1. Field of the Invention
This invention relates to cooling systems and methods for lasers. More specifically, the invention is a thin-film evaporative cooling system and method for use with side-pumped lasers.
2. Description of the Related Art
The essential elements of a side-pumped laser are the laser's crystal rod and one or more laser diodes that are spaced apart from the radial surface of the crystal rod. The laser diode(s) “pump” light energy radially into the crystal rod. Due to the low optical efficiencies of luminescent crystals, most of the incident energy is converted into heat. The quality of the luminescent crystal output is typically characterized by the pulse energy, and the central tendency around a single output wavelength. The pulse energy is increased with lower average crystal temperatures while the output wavelength is affected by temperature as well. Consequently, large temperature gradients across the crystal (i.e., normal to the rod's cross-section) produce a wide variance in the output wavelength. Consequently, a side-pumped laser crystal thermal management system has three goals:
1. Prevent thermally-induced damage due to thermally-induced stresses.
2. Maintain the crystal rod at as low a temperature as possible.
3. Minimize temperature variation across the crystal rod.

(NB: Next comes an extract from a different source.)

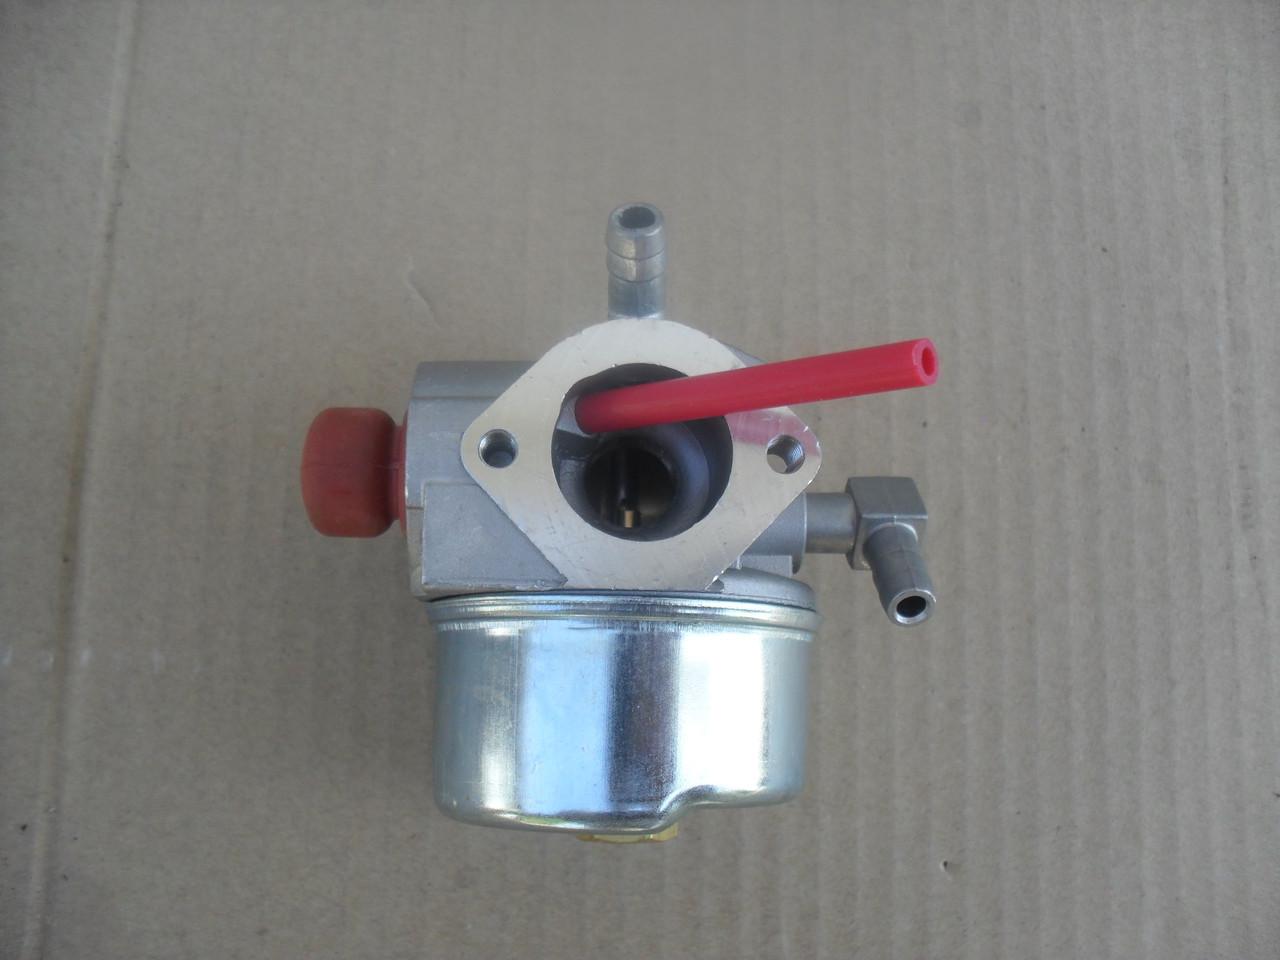 Carburetor for Tecumseh LEV100, LEV115, LEV120, 640173, 640174, 640262, 640262A, 640124, 640156, 640168, 640119

Currently, conductive cooling is used for thermal management in many side-pumped lasers. Typically, a thermally-conductive support structure is coupled to the crystal rod. While totally passive, conductively-cooled configurations generate insufficient cooling, produce non-uniform temperature distributions across the crystal rod's cross-section, and are sensitive to minor variations in contact pressure at the conductive interface.